The two recommended fixes are to run:
>>> pip install --upgrade certifi
and if that doesn’t fix the issue, then run:
>>> open /Applications/Python\ 3.10/Install\ Certificates.command
(Substitute 3.10 in the above command with your current Python version (e.g. 3.11 or 3.12 or 3.13) if necessary.)
Immutability of Metadata Fields¶
Starting with 3.0, ConvoKit disallows mutation on Metadata fields to prevent unintended data loss and ensure the integrity of the corpus metadata backend storage. When accessing a Metadata field, a deep copy of the field is returned to prevent mutation changes to the copy from affecting the backend storage. This behavior is intended to ensure consistency between DB and MEM modes, since permitting mutations to mutable metadata fields in DB mode would solely modify the in-memory data without updating the database, thereby risking potential data loss.
Therefore, all metadata values must be treated as immutable. This does not really make a difference for primitive values like ints and strings,
since those are immutable in Python to begin with. However, code that relies on mutating a more complex type like lists or dictionaries may not work as expected.

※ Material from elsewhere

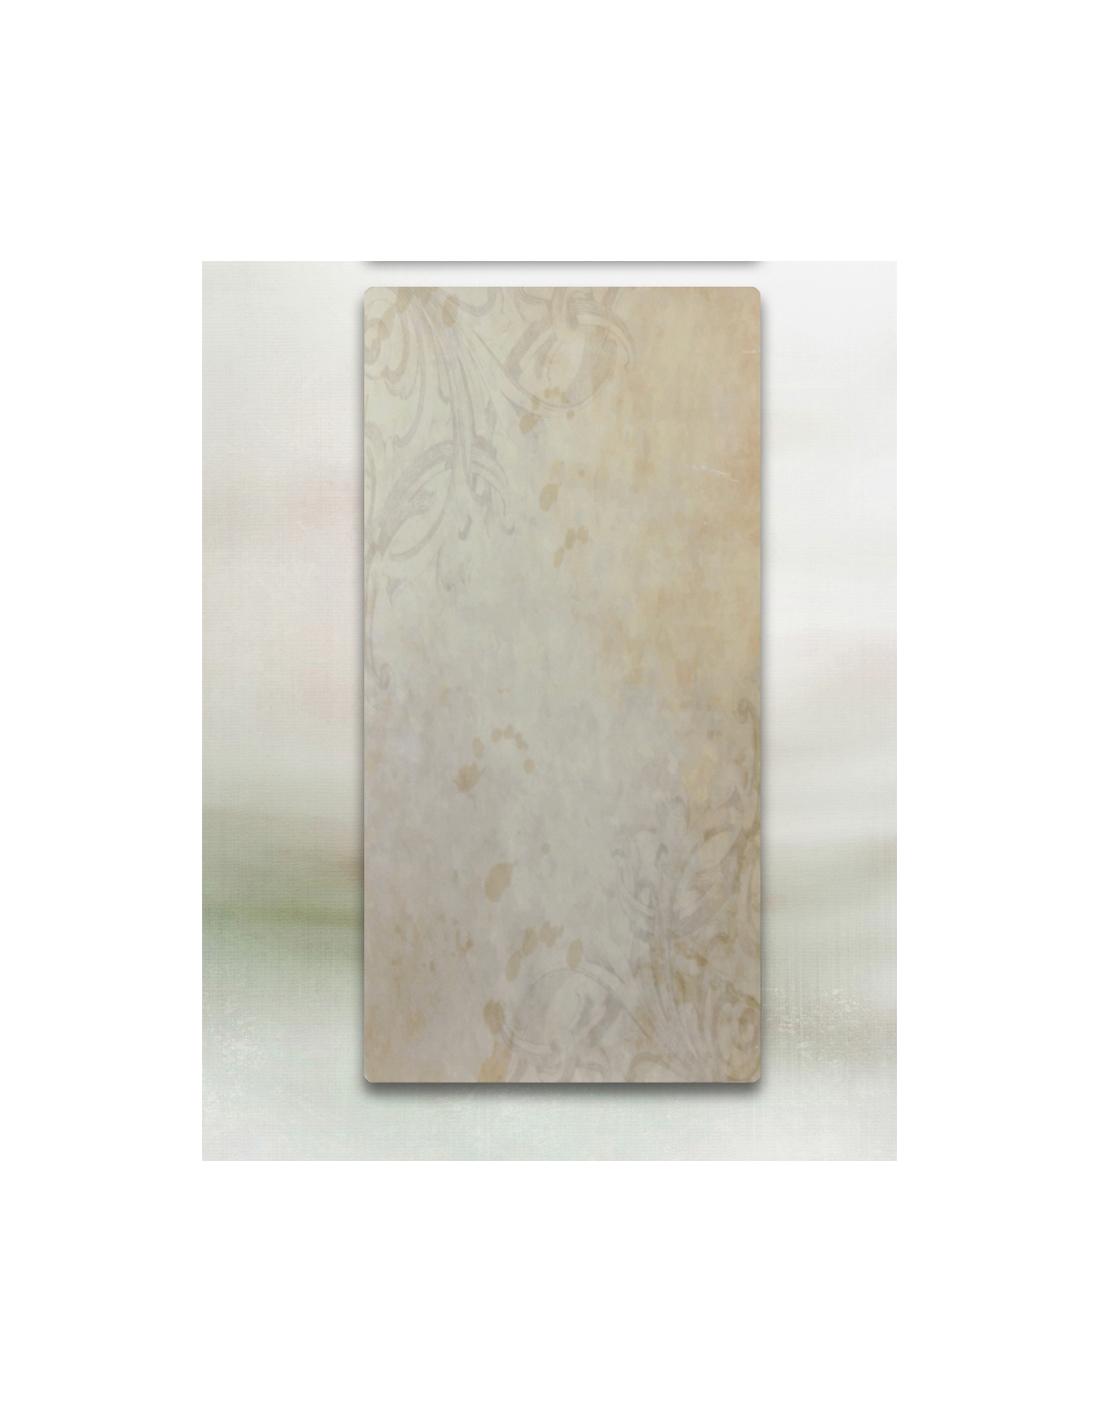 Comprar cubreradiador aluminio impresi n digital - Comprar decoracion vintage ...

For example, suppose the metadata entry "foo"
is a list type, and you access it by saving it to a Python variable as follows:
>>> saved_foo = my_utt.meta["foo"]
Because lists are considered mutable in Python, you might expect the following code to successfully add a new item in the foo
metadata of my_utt
:
>>> saved_foo.append("new value")
However, it will not work starting with the 3.0 version of ConvoKit; the code will run, but only the variable saved_foo
will be affected, not the actual metadata storage of my_utt
.
This is because saved_foo
only contains a copy of the data from the backend storage.
Thus, any operations that are done directly on saved_foo
are done only to the copy, and do not involve any backend storage writes.
It is therefore necessary to treat all metadata objects, regardless of type, as immutable.
Thus, the way to change metadata is the same way you would change an int or string type metadata entry: that is, by completely overwriting it.
For example, to achieve the desired effect with the "foo"
metadata entry from above, you should do the following:
>>> temp_foo = my_utt.meta["foo"]
>>> temp_foo.append("new value")
>>> my_utt.meta["foo"] = temp_foo
By adding the additional line of code that overwrites the "foo"
metadata entry, you are telling ConvoKit that you want to update the value of "foo"
in the storage’s metadata table with a new value, represented by temp_foo
which contains the new additional item.
Thus the contents of temp_foo
will get written to the backend storage as the new value of my_utt.meta["foo"]
, hence updating the metadata as desired.